Throughout the exhibition, great respect is shown for the photographs. Classic large format photographs from Alexander Gardner’s Photographic Sketch Book of War and George N. Barnard’s Photographic Views of Sherman’s Campaign, both released in 1866 are given their due.

Timothy H. O'Sullivan (American, born Ireland, 1840–1882). Alexander Gardner, printer. "Field Where General Reynolds Fell," Gettysburg, July 1863, Plate 37 in Volume 1 of Gardner’s Photographic Sketch Book of the War. Albumen silver print from glass negative. The Metropolitan Museum of Art, Gilman Collection, Purchase, Ann Tenenbaum and Thomas H. Lee Gift, 2005 2005.100.502.1 (37) Image: © The Metropolitan Museum of Art, New York
Alexander Gardner (American, born Scotland, 1821–1882). "Ruins of Gallego Flour Mills," Richmond, 1865. Albumen silver prints from glass negatives. The Metropolitan Museum of Art, Harris Brisbane Dick Fund, 1933 (33.65.11, .226) Image: © The Metropolitan Museum of Art, New York. A strangely modern-looking image.

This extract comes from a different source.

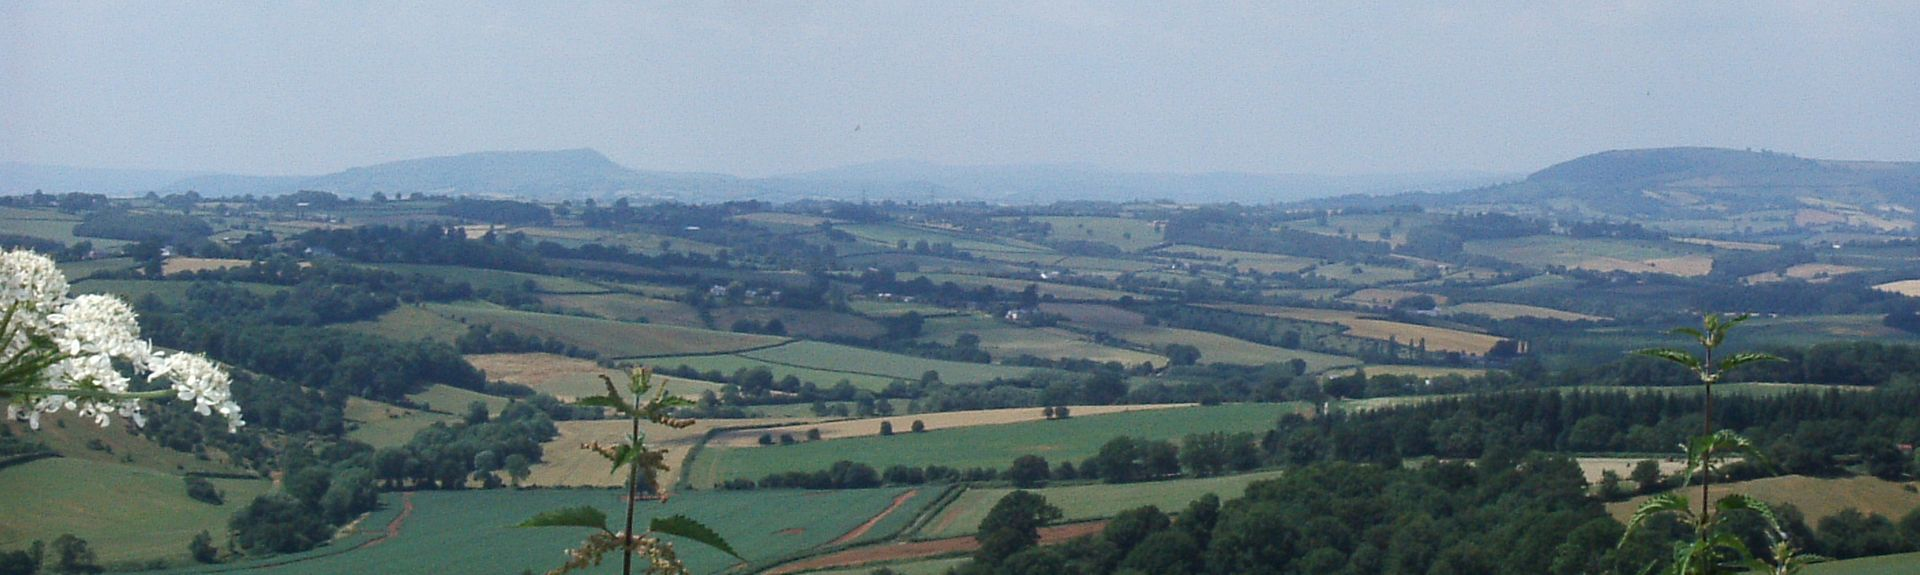 Llanfoist Fawr, Monmouthshire, UK

In addition to images from the Met and other museums, some great private collections were tapped for unique images:

Unknown Artist. Captain Charles A. and Sergeant John M. Hawkins, Company E, Tom Cobb Infantry, Thirty-eighth Regiment, Georgia Volunteer Infantry, 1861–62. Quarter-plate ambrotype with applied color. David Wynn Vaughan Collection. Photo: Jack Melton
Unknown Artist. Union Private, 11th New York Infantry (also known as the 1st Fire Zouaves), May-June 1861. One-sixth plate ambrotype, Michael J. McAfee Collection. Image: © The Metropolitan Museum of Art, New York

And, what of the toll of the war? What of the 750,000 dead? What of the wounded? This rare photograph, and many others, document the injuries suffered by the combatants:

Reed Brockway Bontecou (American, 1824–1907). Union Private John Parmenter, Company G, Sixty-seventh Pennsylvania Volunteers, June 21, 1865. Albumen silver print from glass negative carte de visite. Collection Stanley B. Burns, M.D. Image: © The Metropolitan Museum of Art, New York

And, cleverly, cartes de visite photographs, which were printed on paper that was then glued to a heavier card stock as a calling card (images of political leaders, general, and soldiers were collected by the public much in the way we might collect baseball cards today). The largest purveyor of these cdvs was the E. and H.T. Anthony Company; Edward Anthony (the “E.” in the company name) is interred at Green-Wood–here’s a blog post on him), are displayed so that both the front and the back of the cards can be seen. A great touch–when, for instance, the caption next to one of the photographs states that a soldier in a group photograph wrote the names of his comrades on the back, you can see both the photograph on the front of the cdv and his handwriting on the back. Also visible are the revenue stamps on some of the backs–used as a tax on the sale of photographs aimed at raising money for the Union war effort. And, identifying names, some contemporary with the issuance of the photographs, some written by later researchers or collectors, can also be seen on the backs.

The exhibition runs through September 2. Go see it!

 

2 thoughts on ““Photography and the American Civil War””

  1. The Civil War is, in fact, the first major conflict to be so thoroughly documented. Not only did photography come into its own as a tool of journalism, but the fact that nearly all the combatants on both sides were literate — a condition that had never before occurred — created hundreds of thousands of letters and diaries. In short, there is so much fascination with the Civil War because there are so many materials to fuel it. And we owe those soldiers our respect, since more Americans died in the Civil War than in any other conflict.